Re: [OMPI users] Bug with Open-MPI Processor Count

2018-11-01 Thread Adam LeBlanc
Hello Ralph,

Here is the output for a failing machine:

[130_02:44:13_aleblanc@farbauti]{~}$ > mpirun --mca
btl_openib_warn_no_device_params_found 0 --mca orte_base_help_aggregate 0
--mca btl openib,vader,self --mca pml ob1 --mca btl_openib_receive_queues
P,65536,120,64,32 -hostfile /home/soesterreich/ce-mpi-hosts --mca
ras_base_verbose 5 IMB-MPI1

==   ALLOCATED NODES   ==
farbauti: flags=0x11 slots=1 max_slots=0 slots_inuse=0 state=UP
hyperion-ce: flags=0x10 slots=1 max_slots=0 slots_inuse=0 state=UNKNOWN
io-ce: flags=0x10 slots=1 max_slots=0 slots_inuse=0 state=UNKNOWN
jarnsaxa-ce: flags=0x10 slots=1 max_slots=0 slots_inuse=0 state=UNKNOWN
rhea-ce: flags=0x10 slots=1 max_slots=0 slots_inuse=0 state=UNKNOWN
tarqeq-ce: flags=0x10 slots=1 max_slots=0 slots_inuse=0 state=UNKNOWN
tarvos-ce: flags=0x10 slots=1 max_slots=0 slots_inuse=0 state=UNKNOWN
=
--
There are not enough slots available in the system to satisfy the 7 slots
that were requested by the application:
  10

Either request fewer slots for your application, or make more slots
available
for use.
--


Here is an output of a passing machine:

[1_02:54:26_aleblanc@hyperion]{~}$ > mpirun --mca
btl_openib_warn_no_device_params_found 0 --mca orte_base_help_aggregate 0
--mca btl openib,vader,self --mca pml ob1 --mca btl_openib_receive_queues
P,65536,120,64,32 -hostfile /home/soesterreich/ce-mpi-hosts --mca
ras_base_verbose 5 IMB-MPI1

==   ALLOCATED NODES   ==
hyperion: flags=0x11 slots=1 max_slots=0 slots_inuse=0 state=UP
farbauti-ce: flags=0x10 slots=1 max_slots=0 slots_inuse=0 state=UNKNOWN
io-ce: flags=0x10 slots=1 max_slots=0 slots_inuse=0 state=UNKNOWN
jarnsaxa-ce: flags=0x10 slots=1 max_slots=0 slots_inuse=0 state=UNKNOWN
rhea-ce: flags=0x10 slots=1 max_slots=0 slots_inuse=0 state=UNKNOWN
tarqeq-ce: flags=0x10 slots=1 max_slots=0 slots_inuse=0 state=UNKNOWN
tarvos-ce: flags=0x10 slots=1 max_slots=0 slots_inuse=0 state=UNKNOWN
=


Yes the hostfile is available on all nodes through an NFS mount for all of
our home directories.

On Thu, Nov 1, 2018 at 2:44 PM Adam LeBlanc  wrote:

>
>
> -- Forwarded message -
> From: Ralph H Castain 
> Date: Thu, Nov 1, 2018 at 2:34 PM
> Subject: Re: [OMPI users] Bug with Open-MPI Processor Count
> To: Open MPI Users 
>
>
> I’m a little under the weather and so will only be able to help a bit at a
> time.

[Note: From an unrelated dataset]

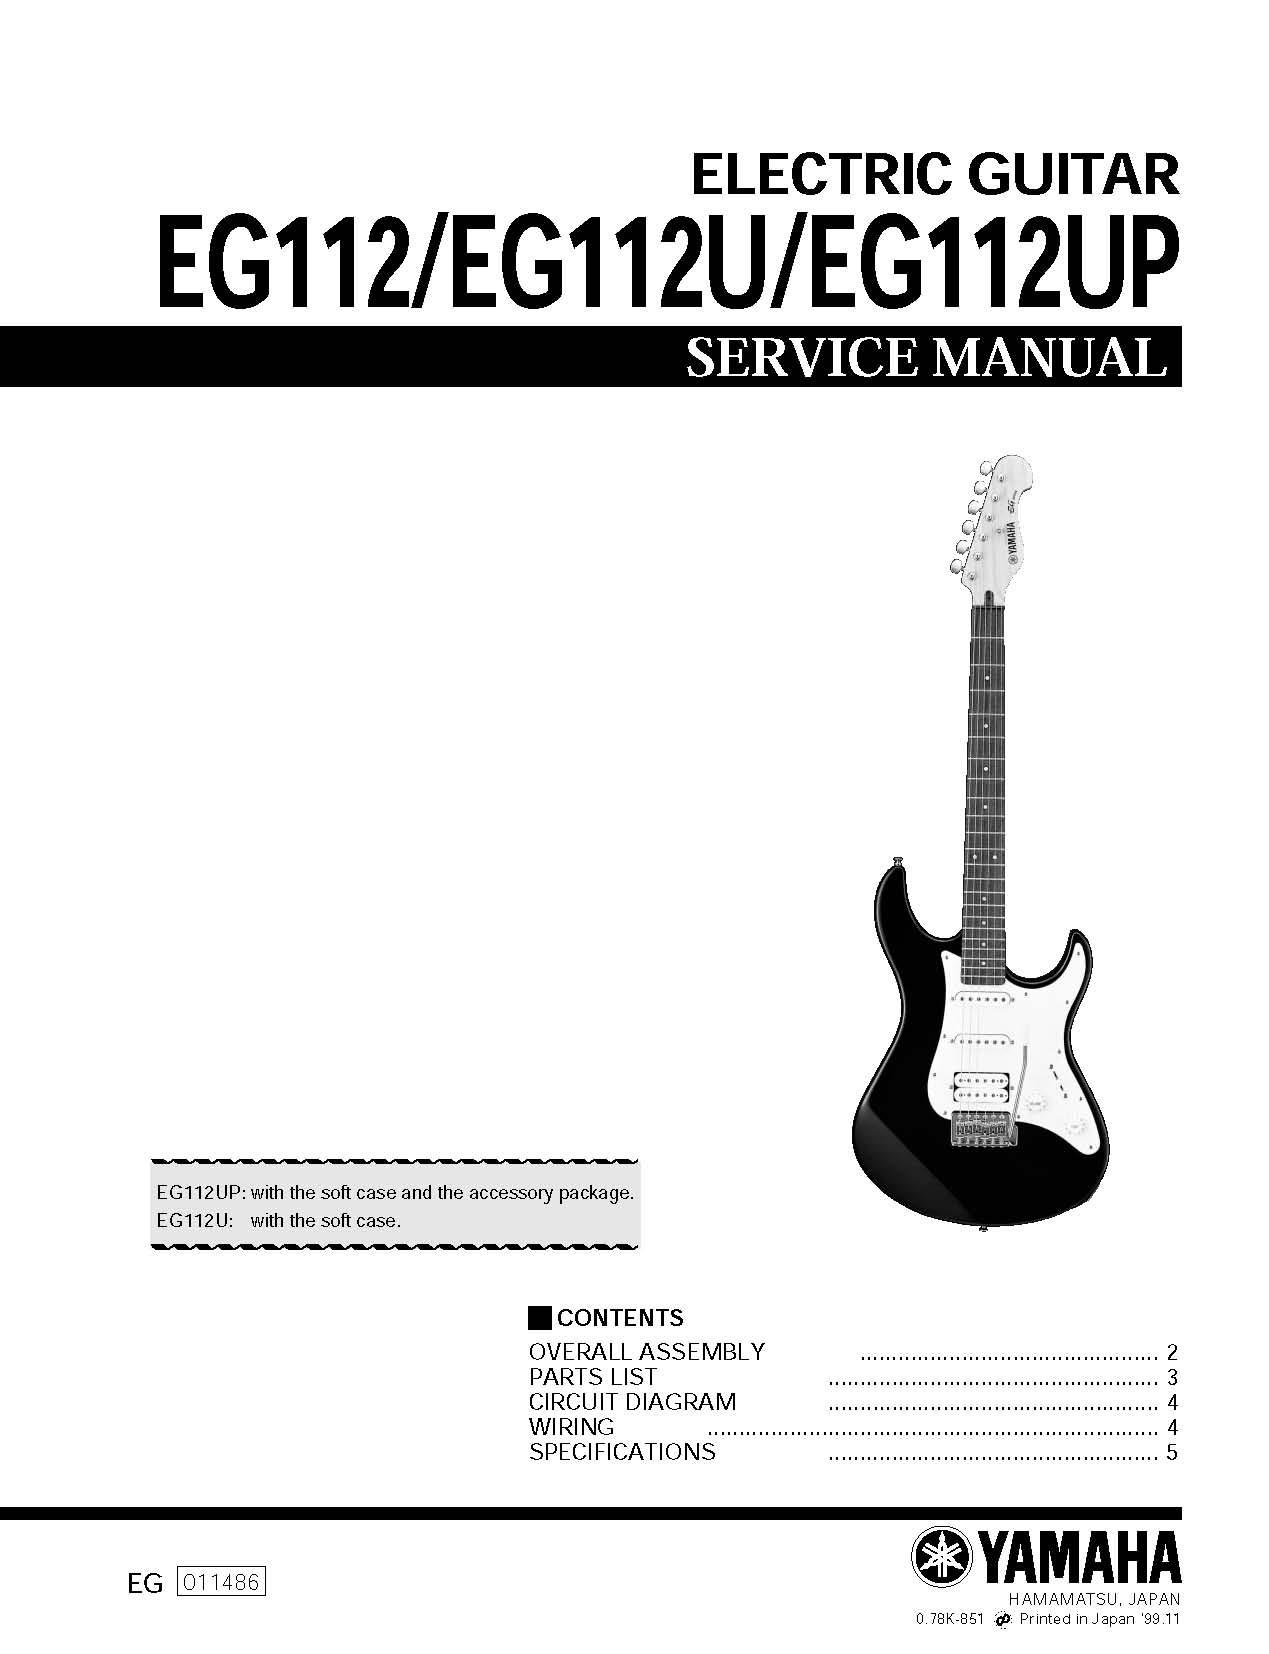 wiring diagram for yamaha eg112 electric guitar wiring diagram  yamaha eg112c wiring diagram #9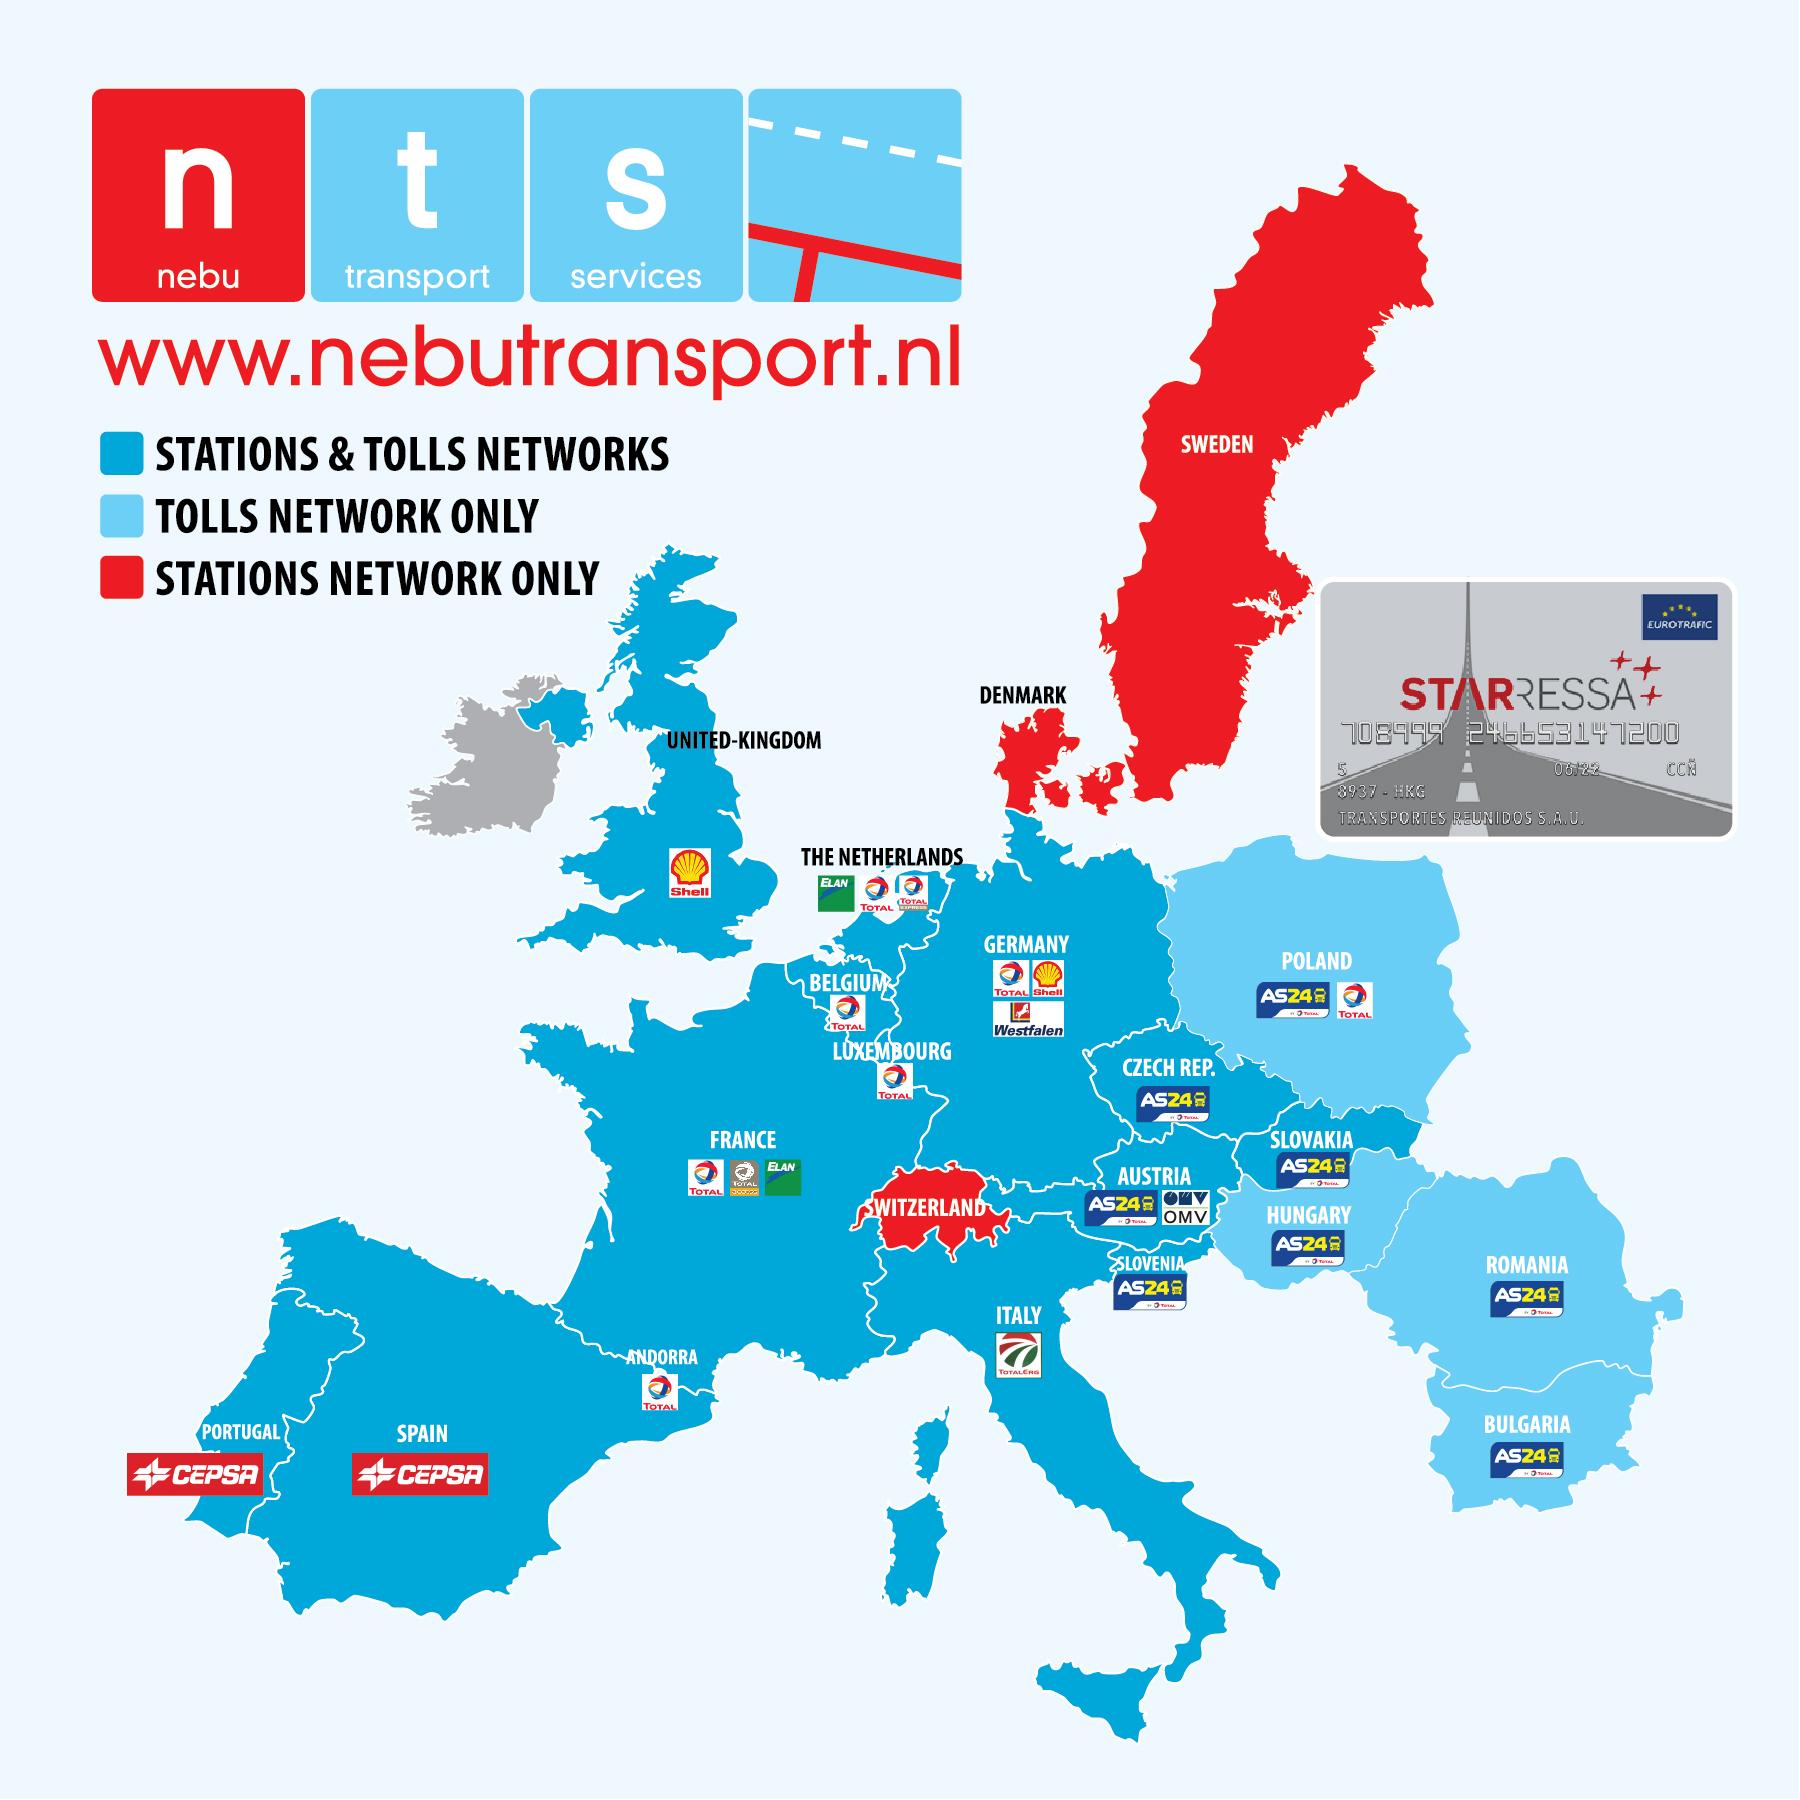 nebu-eurotrafic-card-graphic-aug2019.jpg

However, a couple of things to check:
>
> * add -mca ras_base_verbose 5 to the cmd line to see what mpirun thought
> the allocation was
>
> * is the hostfile available on every node?
>
> Ralph
>
> On Nov 1, 2018, at 10:55 AM, Adam LeBlanc  wrote:
>
> Hello Ralph,
>
> Attached below is the verbose output for a failing machine and a passing
> machine.
>
> Thanks,
> Adam LeBlanc
>
> On Thu, Nov 1, 2018 at 1:41 PM Adam LeBlanc  wrote:
>
>>
>>
>> -- Forwarded message -
>> From: Ralph H Castain 
>> Date: Thu, Nov 1, 2018 at 1:07 PM
>> Subject: Re: [OMPI users] Bug with Open-MPI Processor Count
>> To: Open MPI Users 
>>
>>
>> Set rmaps_base_verbose=10 for debugging output
>>
>> Sent from my iPhone
>>
>> On Nov 1, 2018, at 9:31 AM, Adam LeBlanc  wrote:
>>
>> The version by the way for Open-MPI is 3.1.2.
>>
>> -Adam LeBlanc
>>
>> On Thu, Nov 1, 2018 at 12:05 PM Adam LeBlanc 
>> wrote:
>>
>>> Hello, I am an employee of the UNH InterOperability Lab, and we are in
>>> the process of testing OFED-4.17-RC1 for the OpenFabrics Alliance. We have
>>> purchased some new hardware that has one processor, and noticed an issue
>>> when running mpi jobs on nodes that do not have similar processor counts.
>>> If we launch the MPI job from a node that has 2 processors, it will fail
>>> and stating there are not enough resources and will not start the run, like
>>> so:
>>> --
>>> There are not enough slots available in the system to satisfy the 14 slots
>>> that were requested by the application:   IMB-MPI1 Either request fewer
>>> slots for your application, or make more slots available for use.
>>> --
>>> If we launch the MPI job from the node with one processor, without changing
>>> the mpirun command at all, it runs as expected. Here is the command being
>>&

Re: [OMPI users] Bug with Open-MPI Processor Count

2018-11-01 Thread Adam LeBlanc
Hello Ralph,

Attached below is the verbose output for a failing machine and a passing
machine.

Thanks,
Adam LeBlanc

On Thu, Nov 1, 2018 at 1:41 PM Adam LeBlanc  wrote:

>
>
> -- Forwarded message -
> From: Ralph H Castain 
> Date: Thu, Nov 1, 2018 at 1:07 PM
> Subject: Re: [OMPI users] Bug with Open-MPI Processor Count
> To: Open MPI Users 
>
>
> Set rmaps_base_verbose=10 for debugging output
>
> Sent from my iPhone
>
> On Nov 1, 2018, at 9:31 AM, Adam LeBlanc  wrote:
>
> The version by the way for Open-MPI is 3.1.2.
>
> -Adam LeBlanc
>
> On Thu, Nov 1, 2018 at 12:05 PM Adam LeBlanc  wrote:
>
>> Hello, I am an employee of the UNH InterOperability Lab, and we are in
>> the process of testing OFED-4.17-RC1 for the OpenFabrics Alliance. We have
>> purchased some new hardware that has one processor, and noticed an issue
>> when running mpi jobs on nodes that do not have similar processor counts.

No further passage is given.